The documents of the time describe “a black grape variety of medium-sized bunches, with plum-shaped or olive-shaped grapes”. It produced an excellent black wine with “an excess of colouring agent; alcoholic, flavoursome and endowed with a special aroma”.

Thus we learn that the variety in question is the same thing that in Barletta they call Purcinara and that on Mount Barbaro (once seat of the famous Falerno wine decanted by Orazio) beyond Pozzuoli, in the province of Naples, they call Olivella.
Whereas in the provinces of Naples and Bari the variety in question is confused with the other varieties in the vineyards, in the province of Lecce it represents the ultimate vine, providing – so to speak – a standard variety for wine production.

Negroamaro has bunches of medium dimensions, with oblong grapes, tannic and abundant in sugary, colouring parts, and on its own it represents a robust, dry wine, for blending and coupage.

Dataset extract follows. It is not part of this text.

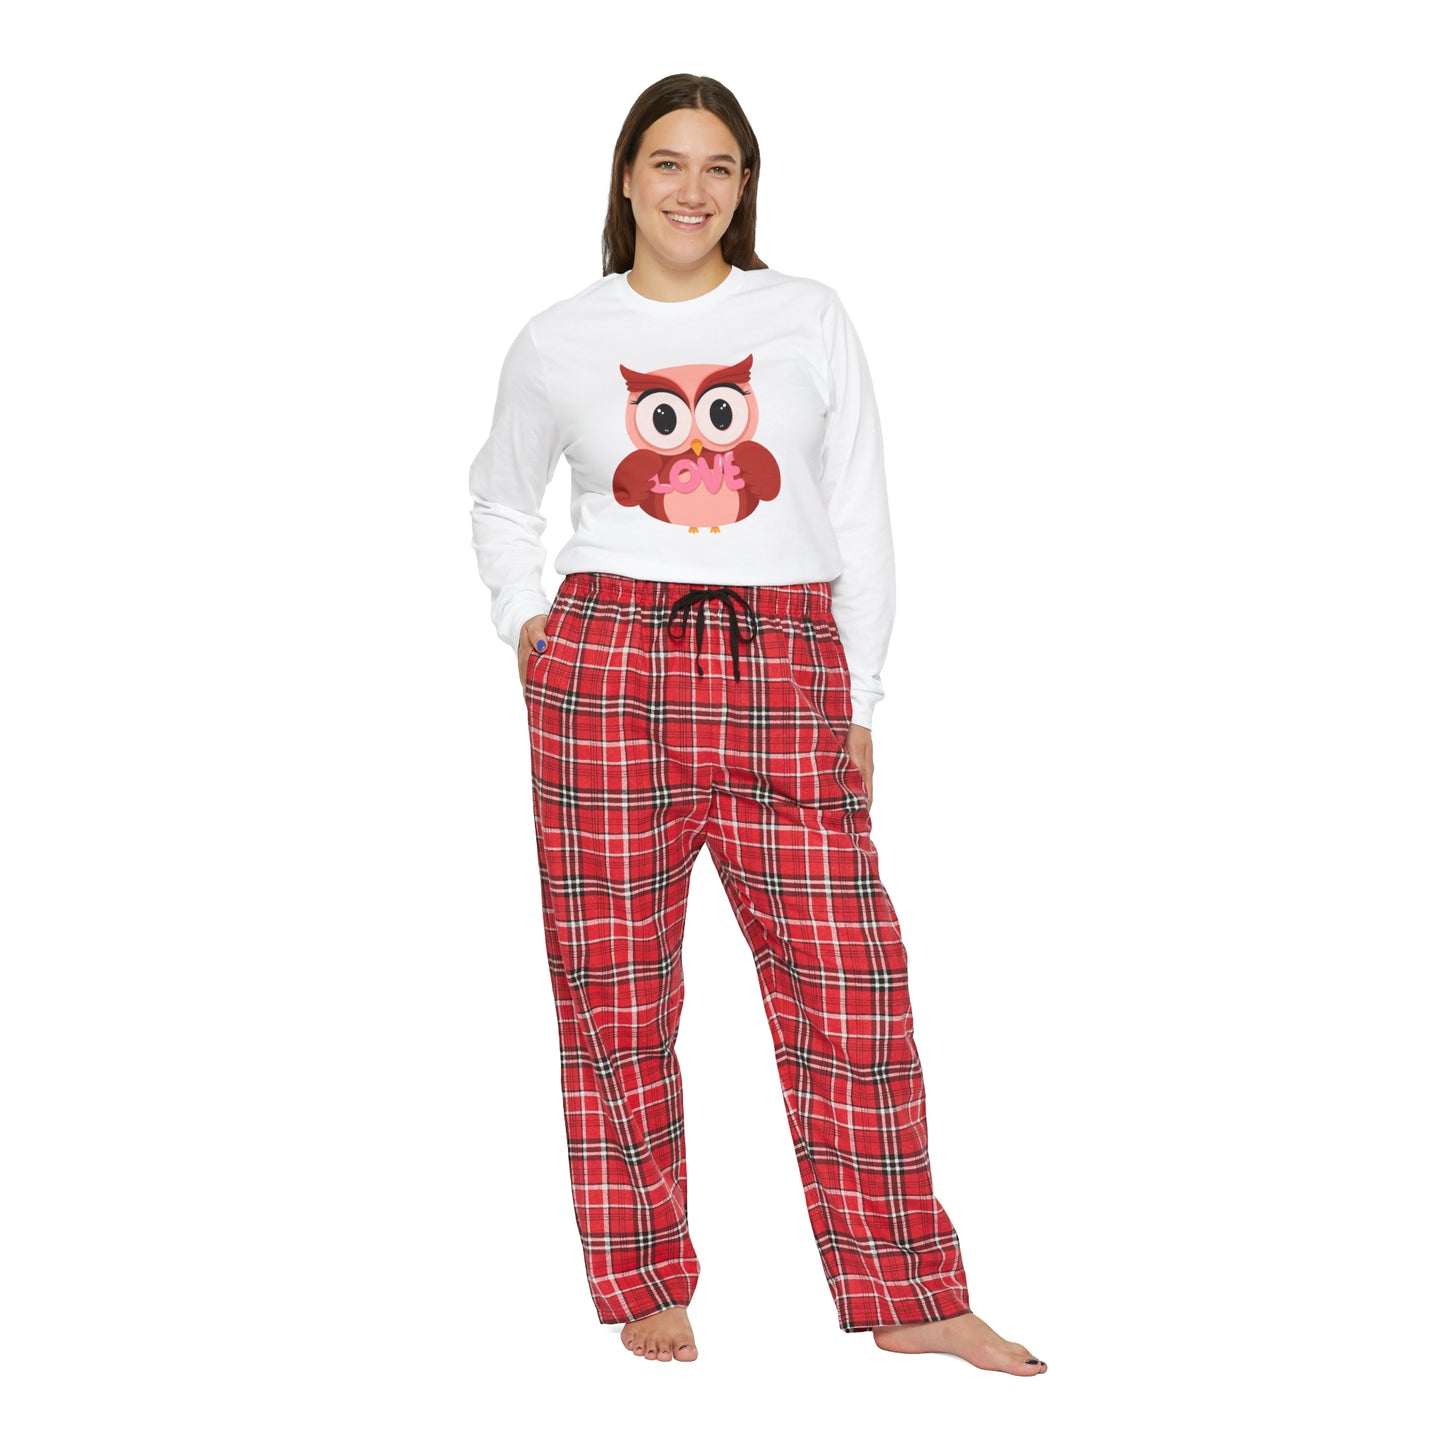 Owl "Love" Women's Long Sleeve Pajama Set, Adorable Pajama Set, 100% Cotton

Its black fruit begins to ripen around 20th September. Over 70 plant stocks are known, representing the different biotypes of Negroamaro found in various locations in the province of Lecce. Recent studies (Prof. Di Stefano, Institute of Experimental Oenology of Asti) attribute great qualities as an antioxidant to this variety and mark it out as rich in antiallergic and antimutagenic substances, as well as having cardiotonic properties, due to the presence of resveratrol.

As for the name Negroamaro, it would appear to be derived from its unusual, intensely black colour, from the Latin niger and the Greek mavros, an example of the bilingualism common among the people of Salento – even today there are linguistic islands where an ancient Griko dialect is spoken – meaning black twice, in other words extremely black.